In a noisy Soho cafe, near the loft that she shares with her husband, artist Shirin Neshat mused on fame, art and the tempestuous gulf between America and her native-born Iran. Her first feature film-after 20 years of art videos-opens Friday, May 14, at Lincoln Plaza Cinemas and at the Quad Cinemas. Will Americans accept her screen indictment of the United States?
Ms. Neshat, 53, is already a superstar in the close-knit, p.c. art world, which has embraced her wholeheartedly for her work about Iran’s persecution of women. Her lyrical silent videos that transcend language barriers are in the collections of the Guggenheim, the Museum of Modern Art and the Whitney. Two years ago, Whispers, her photograph of two women – one veiled, another covered with Persian script – brought $265,000 at a Christie’s auction. But will collectors and curators who have long viewed Ms. Neshat as a critic of repressive Iran turn against her as her criticism shifts to the role the U.S. has played there? In her new film, she defends-to a degree-the nation of her birth.

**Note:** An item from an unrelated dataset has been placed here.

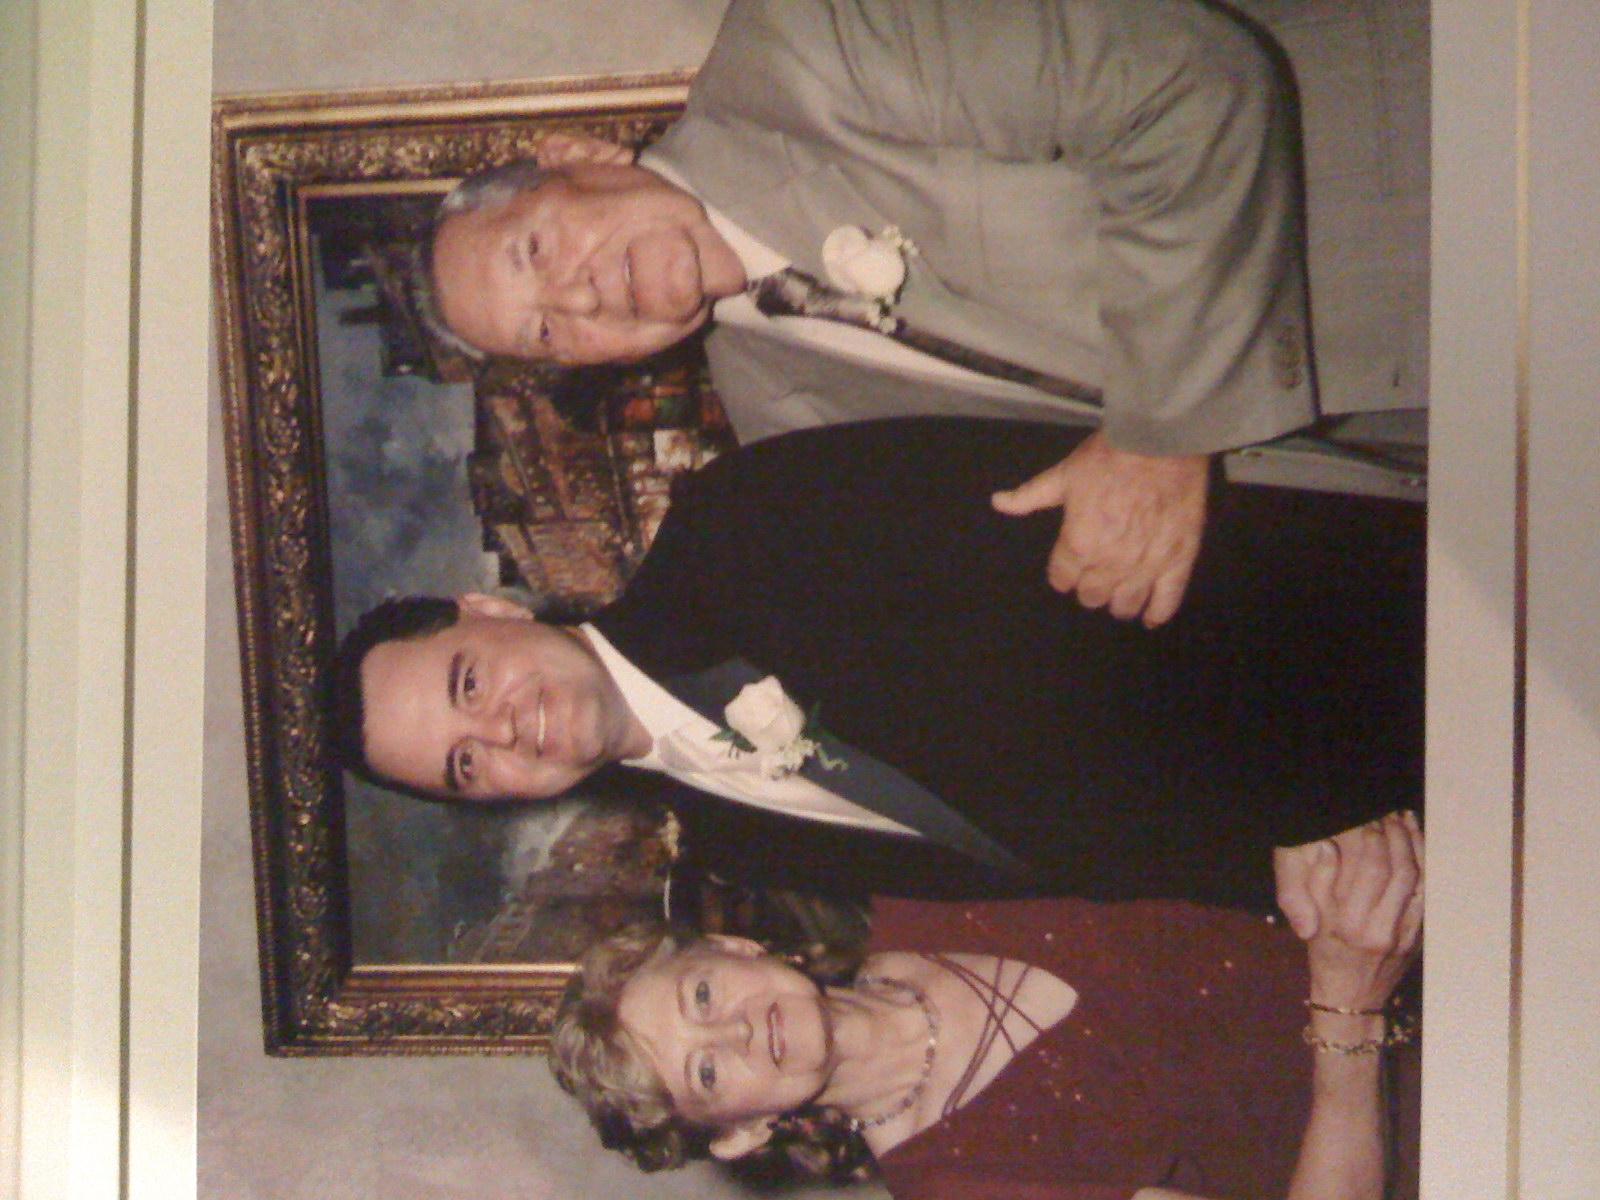 Robert and Melissa wedding in 2005

Surrounded in a Soho cafe by chatty tourists and locals with laptops, and sipping a cappuccino, Ms. Neshat is more than capable of seeing the contradictions in her position critical of the U.S.

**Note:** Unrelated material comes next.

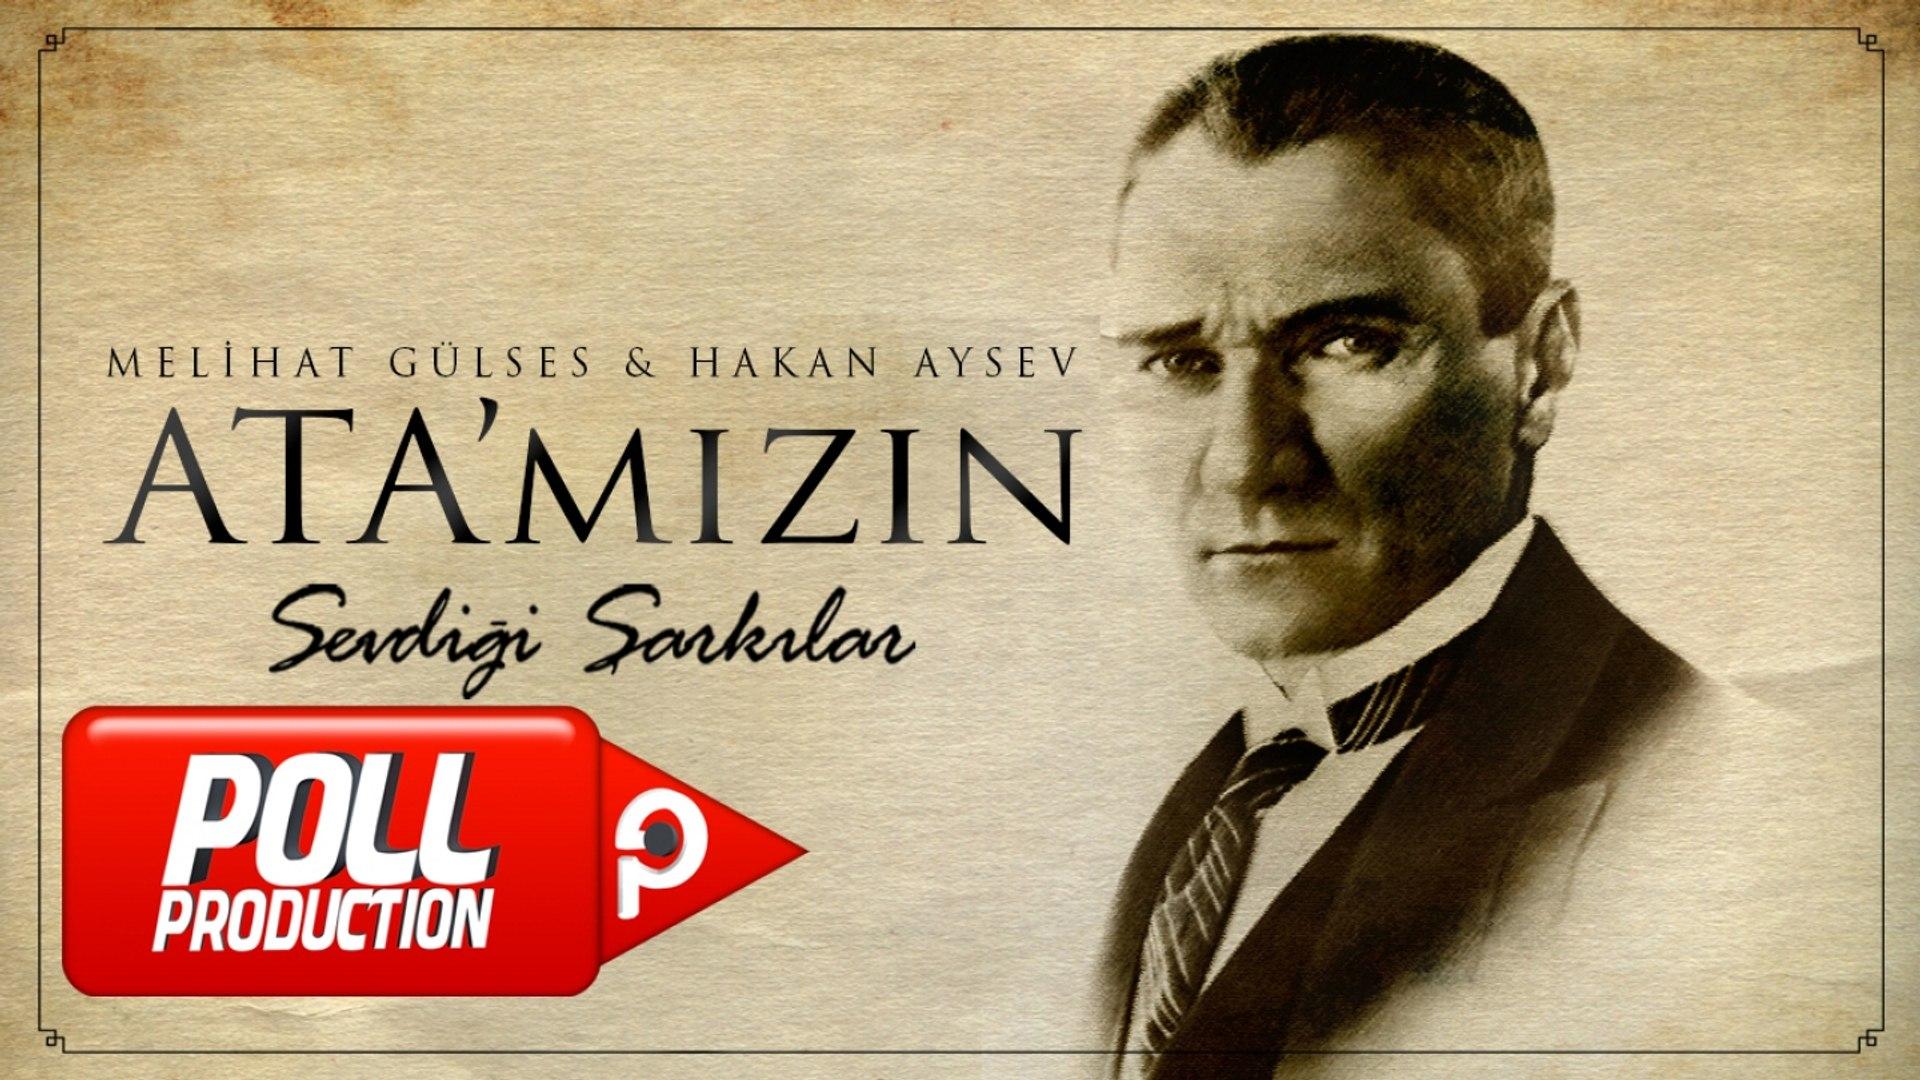 Hakan Aysev - Çanakkale Türküsü - (Official Audio)

Women Without Men, the debut feature by the hyper-biennialized video artist, adapts a magic realist 1990 novel by Shahmush Parsipur that is banned in Iran. It’s set in 1953, the year when Iran’s first elected prime minister attempted to nationalize the country’s British-run oil industry. In response, the Central Intelligence Agency and British counterparts engineered a coup that returned the Western-leaning Shah of Iran to power.
“My belief,” explained Ms. Neshat, “is that the 1953 coup paved the groundwork for the Islamic Revolution, and the beginning of the antagonism between the U.S. and Iran.” It’s important to exhume the legacy of U.S. involvement in Iran politics as the nations grow closer to conflict, she said. “We’re showing this film here because Americans have forgotten how criminal the behavior of their government has been,” she said.
Surrounded by chatty tourists and locals with laptops, and sipping a cappuccino, Ms. Neshat is more than capable of seeing the contradictions in her position. Her young son was in school in Battery Park City on 9/11, and she is a naturalized American citizen who has not returned to Iran in more than a decade. “I feel as American as I feel Iranian,” Ms. Neshat said, but what happened is something that “needs to be brought up in this country.” Whether, she wonders, anybody is going to turn to her for that particular message is another story.
Ms. Neshat’s apparent switch “is so unfortunate, you wonder if it’s due to Iranian pressure on expat elites,” said controversial online critic Charlie Finch of artnet.com. That said, “conformist collectors are so eager for approval from artists they’ll forgive anything.”
To “warm up” the potential audience, Ms. Neshat offered something of a prologue to it in video installations at the Gladstone Gallery, said her dealer, Barbara Gladstone. “She made five 10-to-12-minute films, three of which we showed here a couple of years ago.” According to the dealer, her idea was that “they would be introductions to each of the characters, vignettes of each of the characters.” These were, by and large, well reviewed.
Leah Freid, partner in Lombard Freid Projects in Chelsea, doesn’t expect the politics of the film to discourage collectors of her work. “If it’s beautiful and smart, good. More and more institutions and collectors are supporting that kind of work. People are definitely buying film and video, and the works she’s been showing have been ‘beyond the gallery walls’ type of work. Shirin has been a leader in that way, in having a narrative structure in her work. It will encourage people to support her in the market.”
Ms. Neshat became an overnight sensation in 1999 with the screening of a series of videos, including the now famous Rapture-a silent movie, lyrical and mesmerizing-that films the men of Iran on one screen and the women on another. (Shot in 16 millimeter, the film renders the desert beautiful and exotic, and the gulf between the two sexes insurmountable.) Within two years, it had been shown in major museums all over the world, including in the Whitney Biennial 2000 and at MoMA. Then began a string of career successes. By 2002, the Guggenheim Museum acquired her work; soon her works were in the collection of several leading art collectors, including Dakis Joannou (whose collection is on display now at the New Museum, in its “Skin Fruit” show).